Work instructions: A faithful copy of the listing below is needed, with its pictures left out.

Provided data:
■ ■ ■ ■ ■
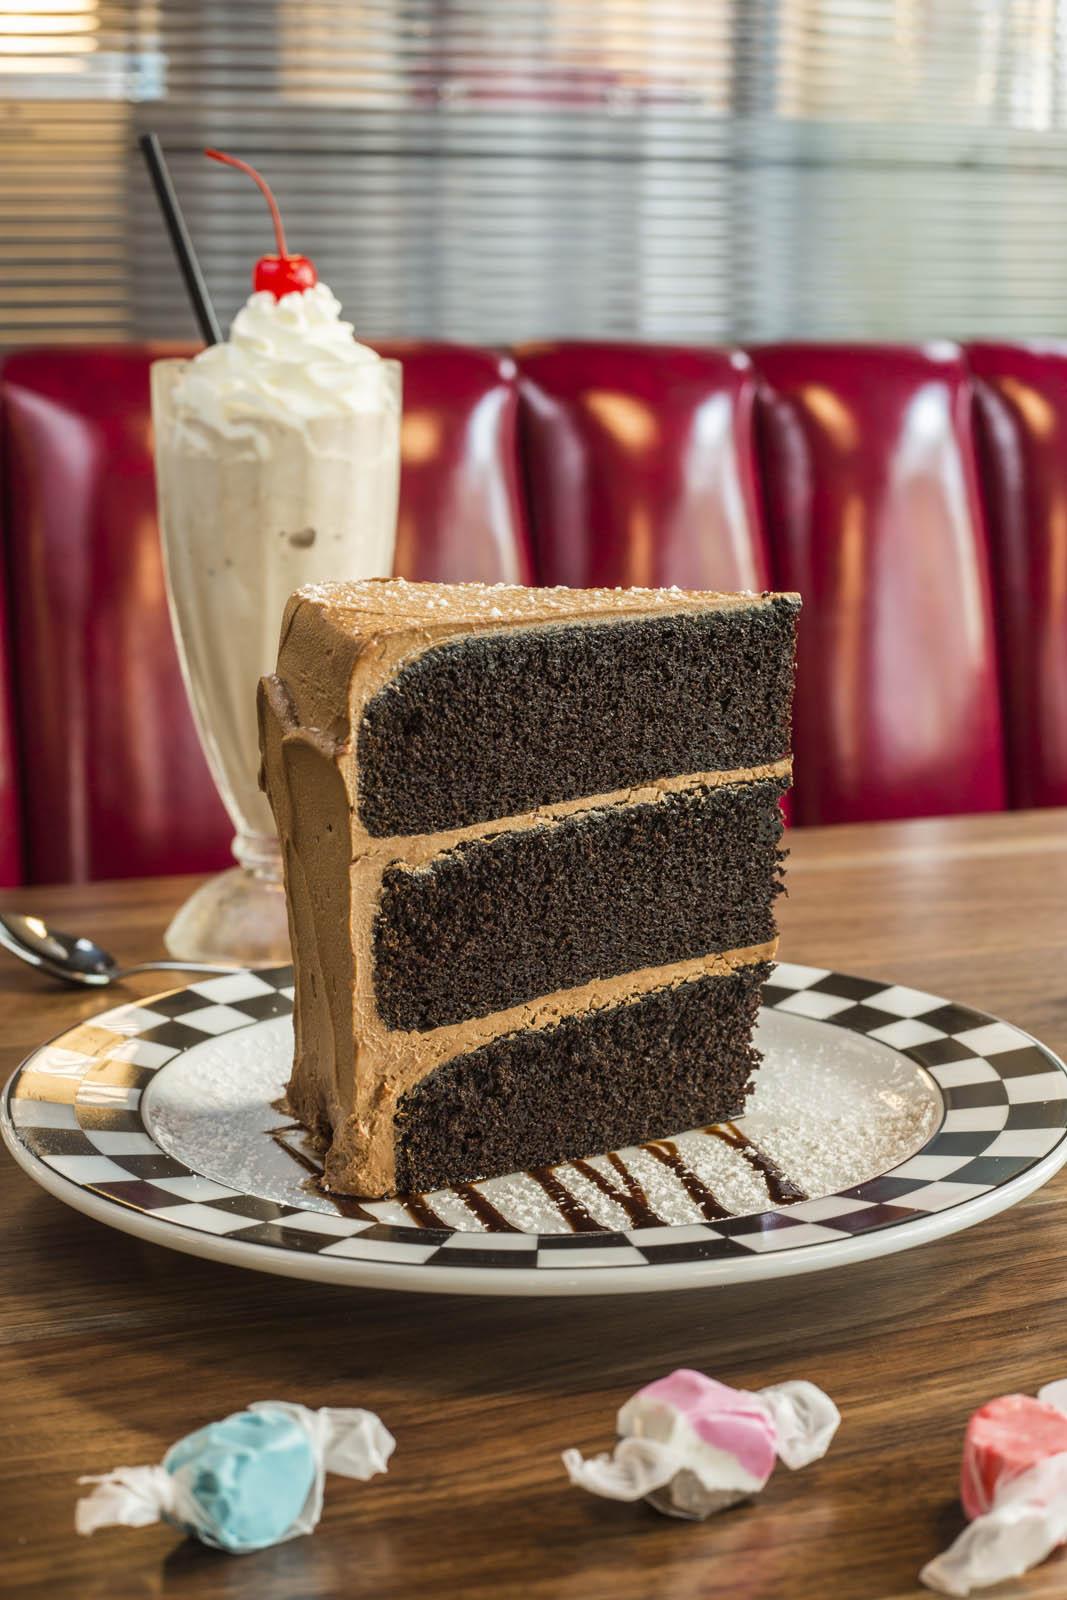 Famous Cap City chocolate cake
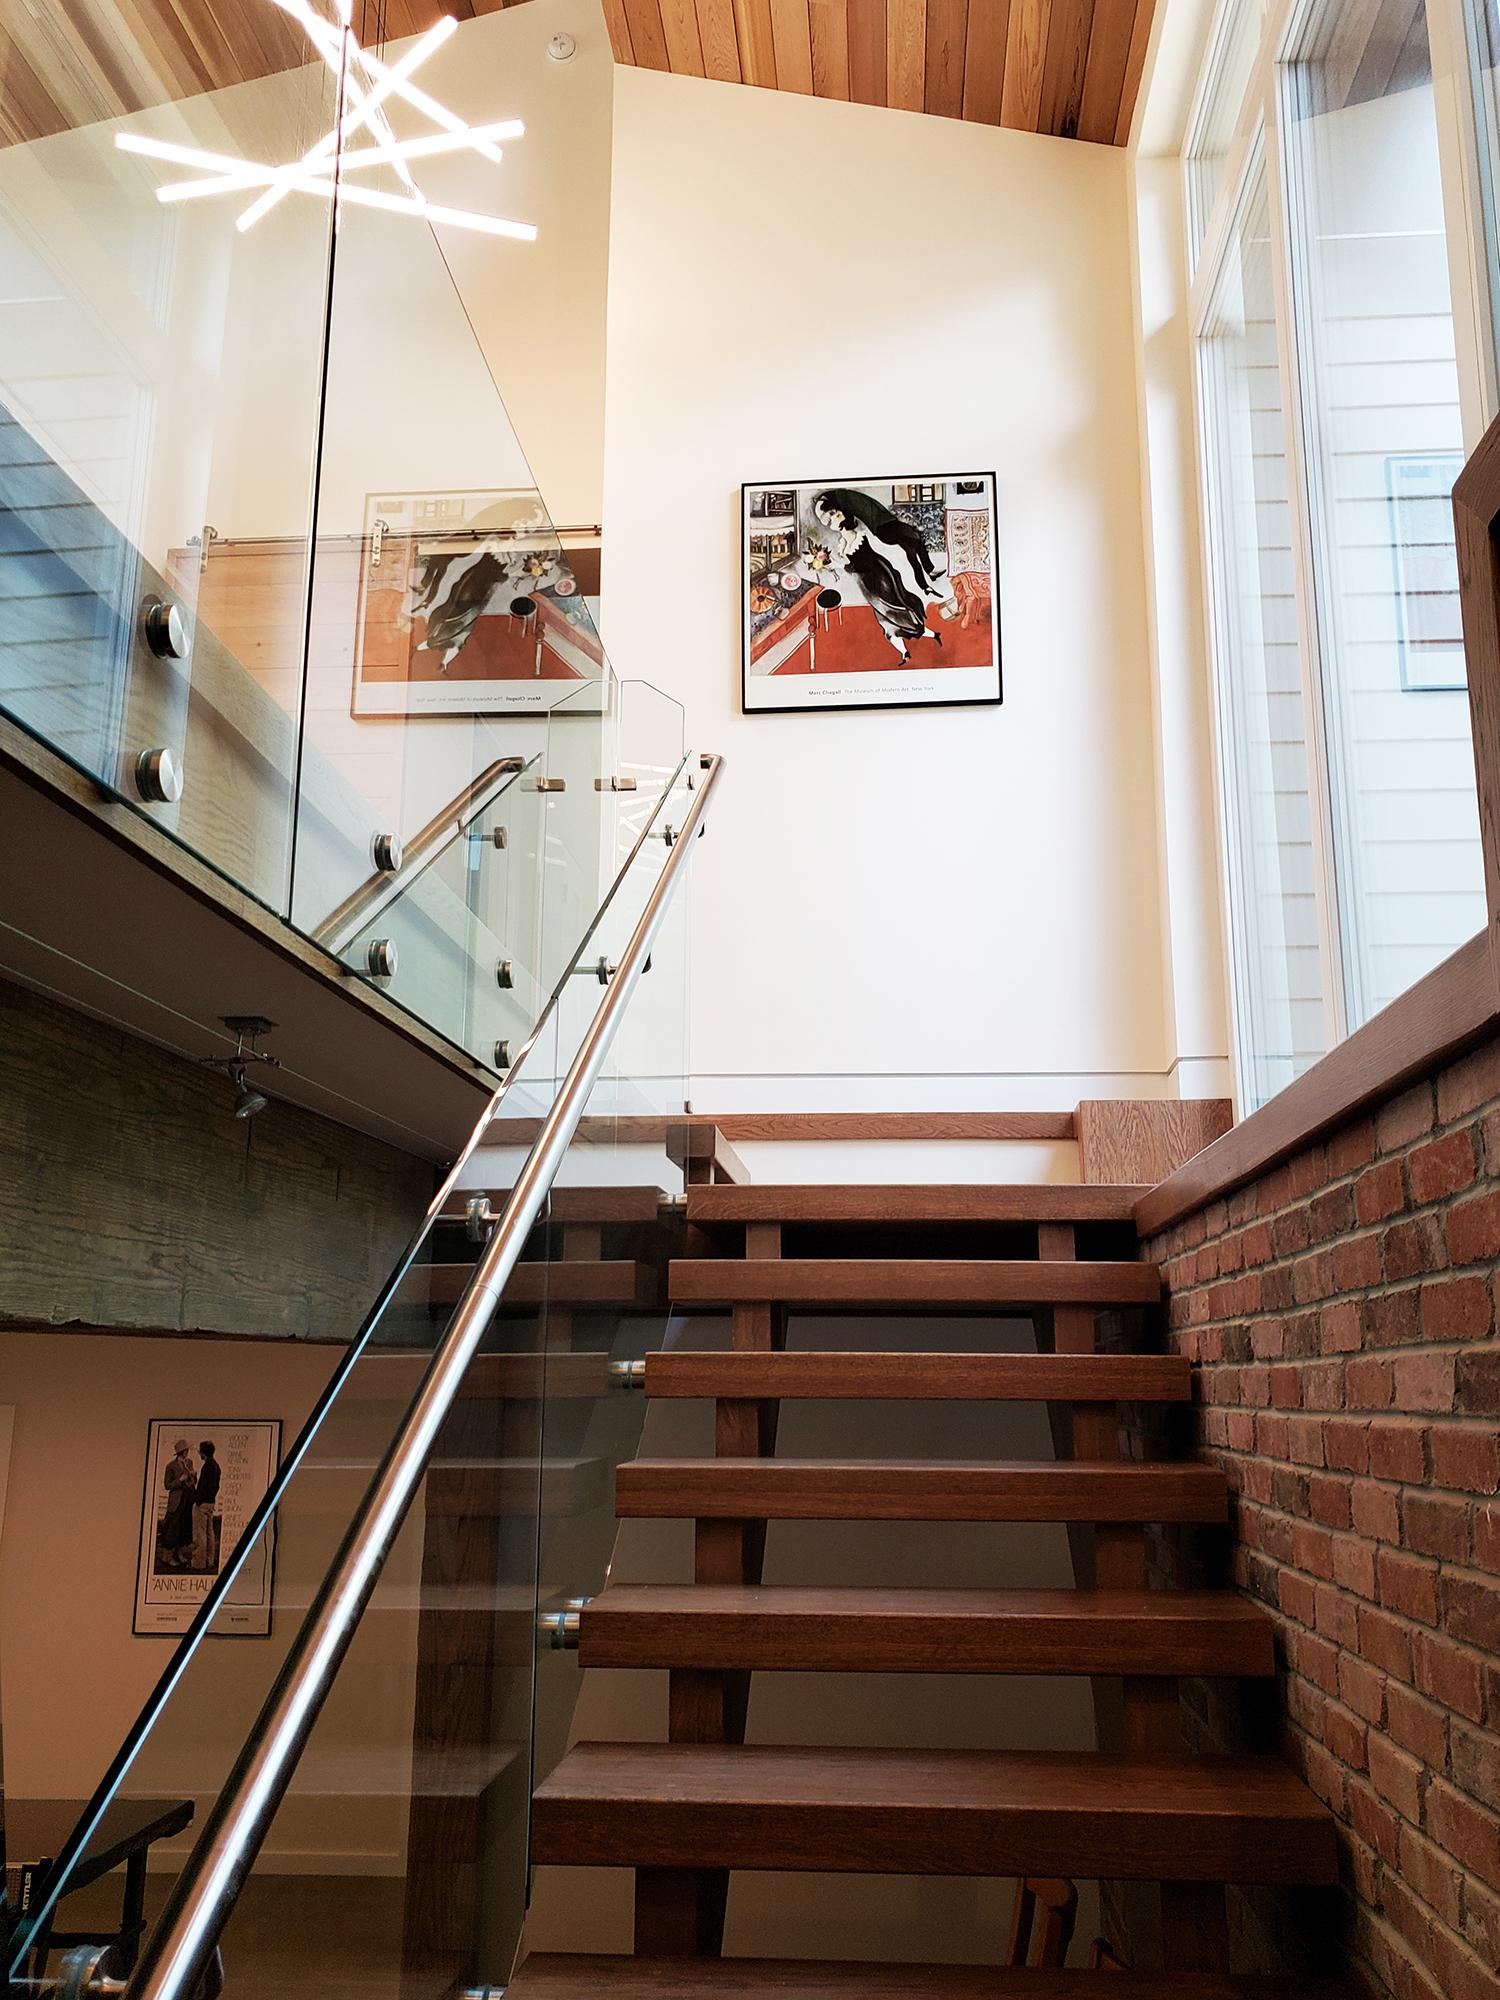 vertical staircase.jpg
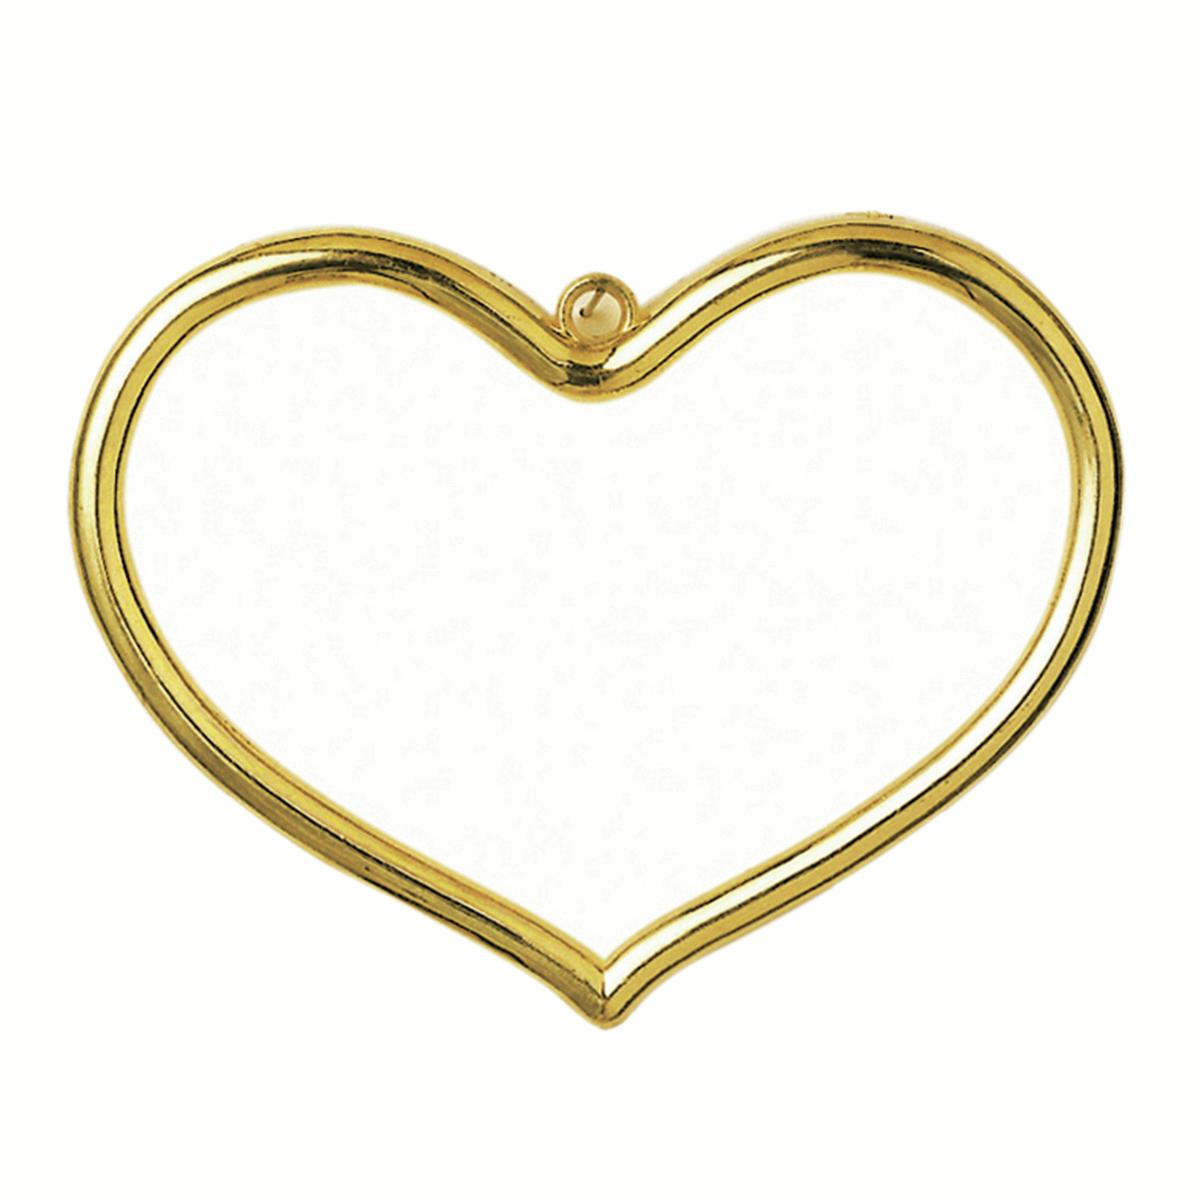 Plastic Heart Shaped Frame - Gold
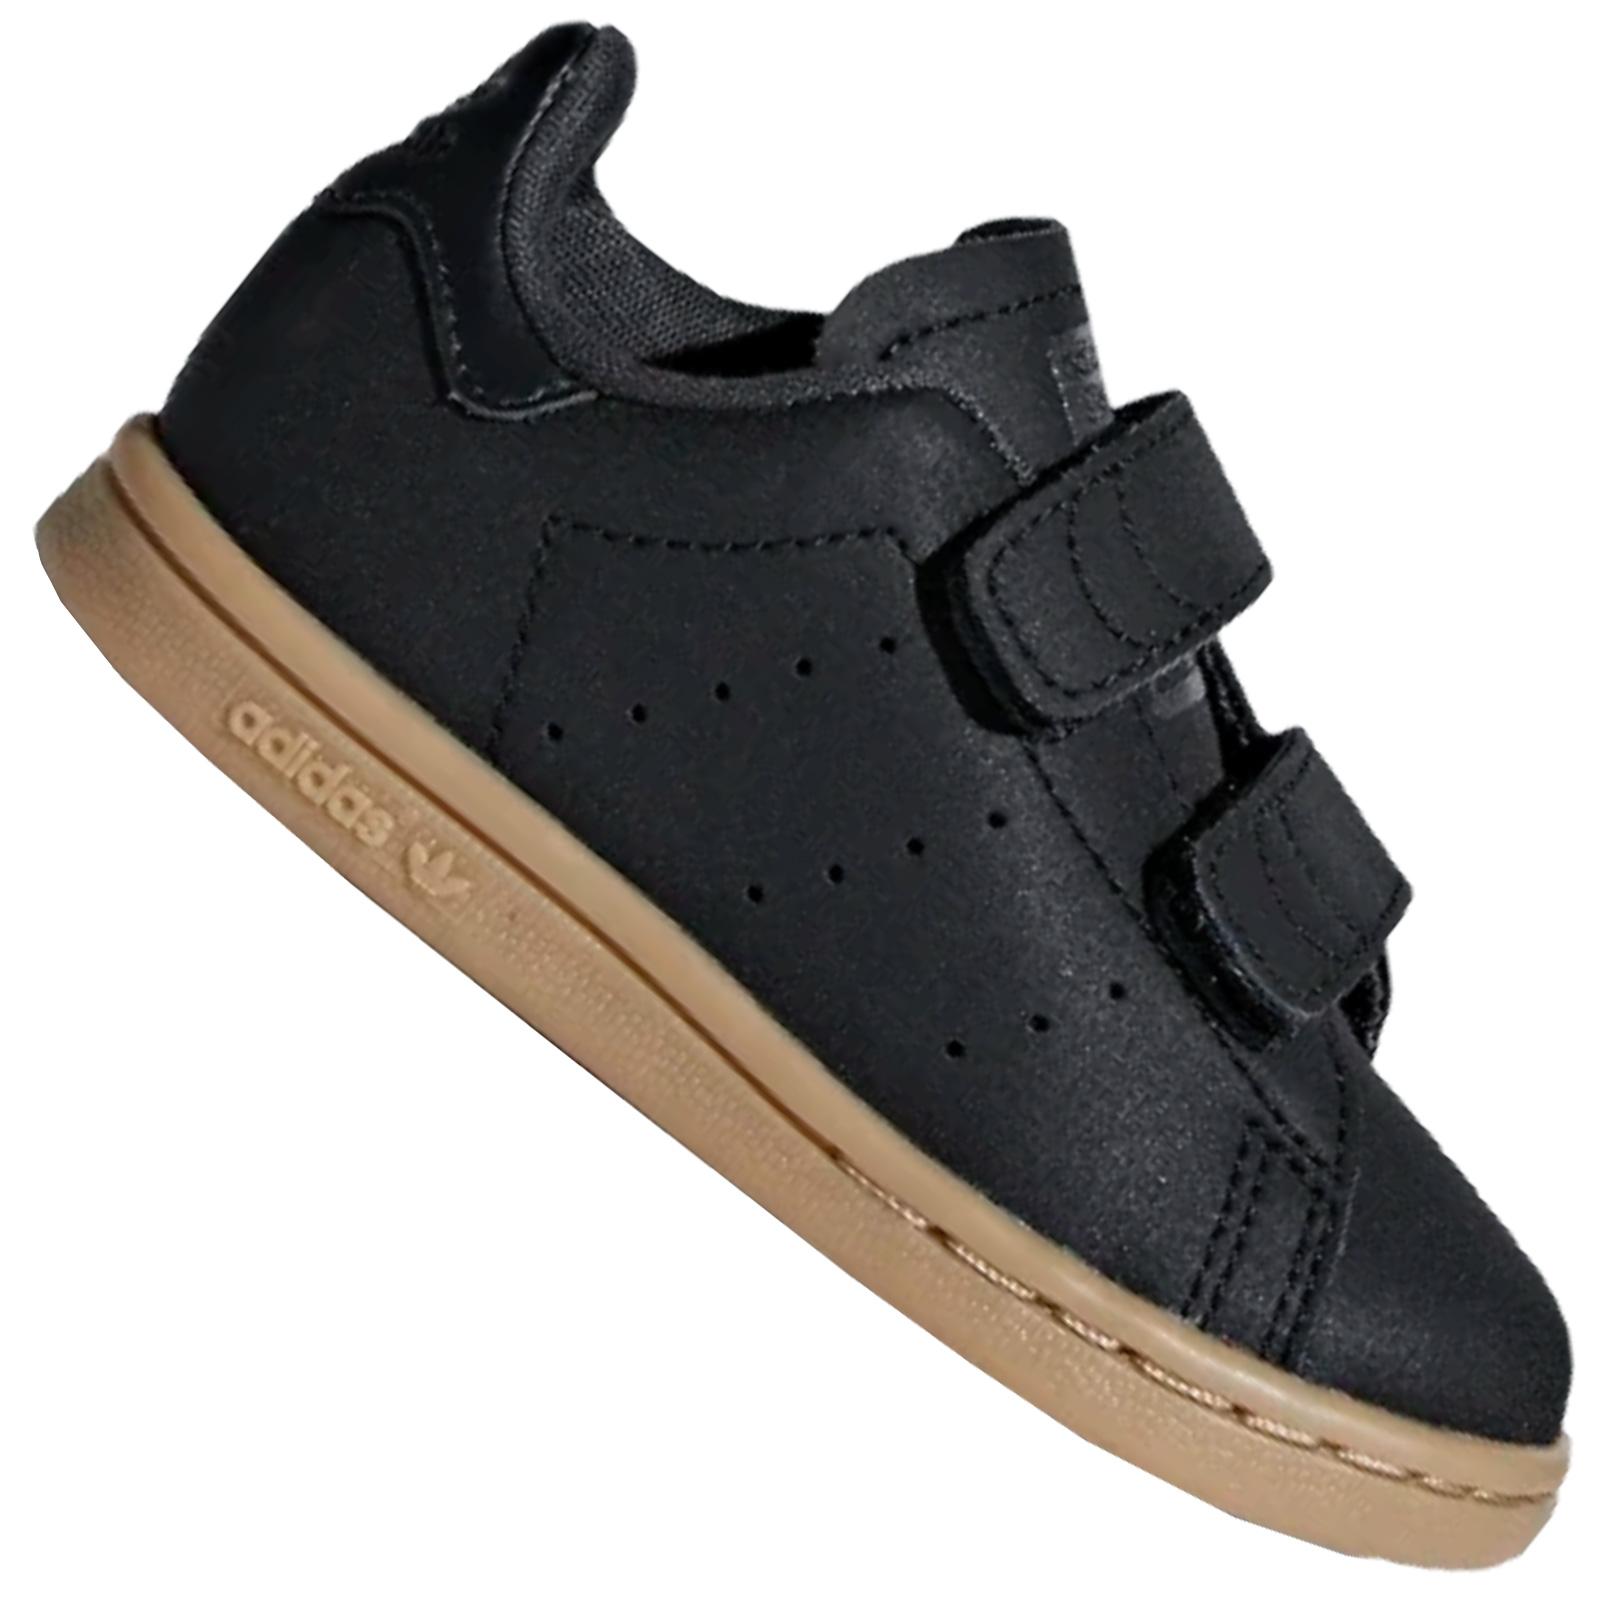 Details about Adidas Originals Stan Smith Trainers Kids Trainers Leather Shoes Matt Black show original title
■ ■ ■ ■ ■
Exercise solution:
 Famous Cap City chocolate cake
 vertical staircase.jpg
 Plastic Heart Shaped Frame - Gold
 Details about Adidas Originals Stan Smith Trainers Kids Trainers Leather Shoes Matt Black show original title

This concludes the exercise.